And I, too, associate songs with major emotional moments in my life….which, you know, gets embarrassing when the song comes on that makes me cry like a baby…when I am in the grocery store.
October 15th, 2009
I cannot even imagine a loss like that. But it makes my heart heavy thinking about it.
October 15th, 2009
I can feel your broken heart through your words. Beautiful and sad words.
October 16th, 2009
I read this a few days ago, but couldn’t comment at first. Still don’t really have the words, except that I know those feelings. I’m sorry I do.

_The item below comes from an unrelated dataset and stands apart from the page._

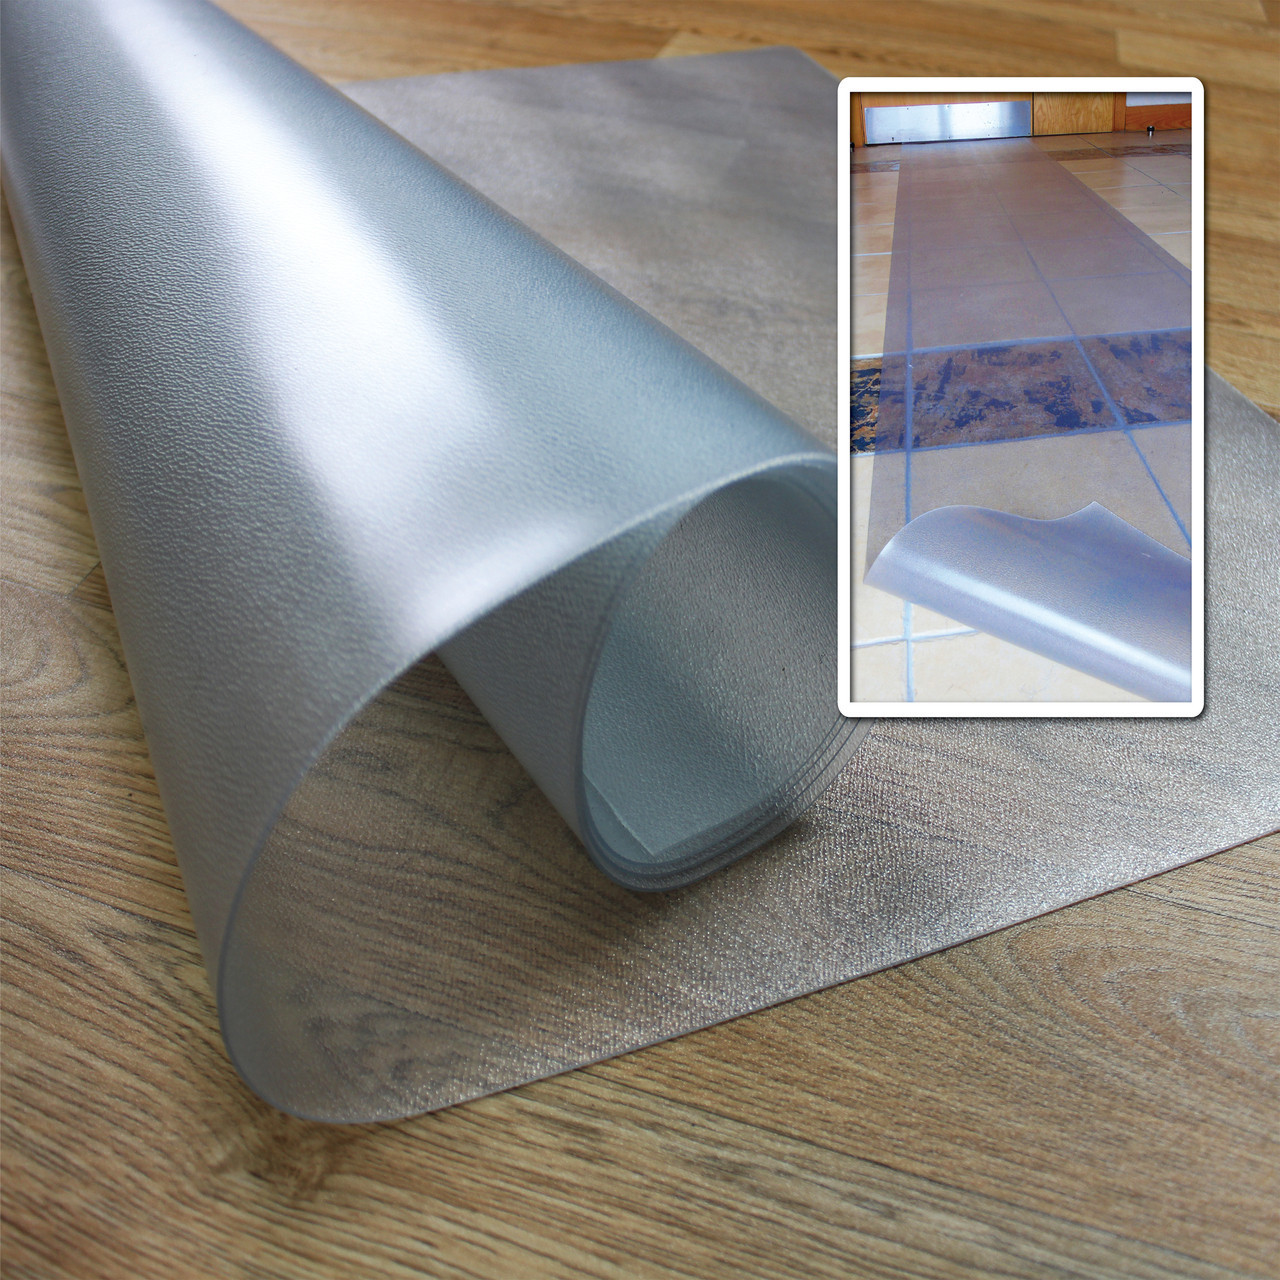 https://cdn11.bigcommerce.com/s-fjwps1jbkv/images/stencil/1280x1280/products/197/2961/floortex-long-and-strong-hallway-runner-or-clear-pvc-surface-protector-roll-mat-for-very-low-pile-carpets-and-hard-floors-or-multiple-sizes__17913.1688987318.jpg?c=2?imbypass=on

I sorry you do.
October 16th, 2009
Oh my. That was so beautifully written. I cannot even imagine the pain of that loss. My heart is full for you. I am so very sorry for all of those losses.
October 16th, 2009
I wish I could say we didn’t both have this in common. I know that feeling as if the world is circling around you like vultures, birds of prey feeding on your anguish.
For me it’s the song “It Can’t Rain All The Time” by Jane Siberry. It tears my heart out. I can’t hear anymore with my deafness, but just remembering those lyrics is a subtle ache.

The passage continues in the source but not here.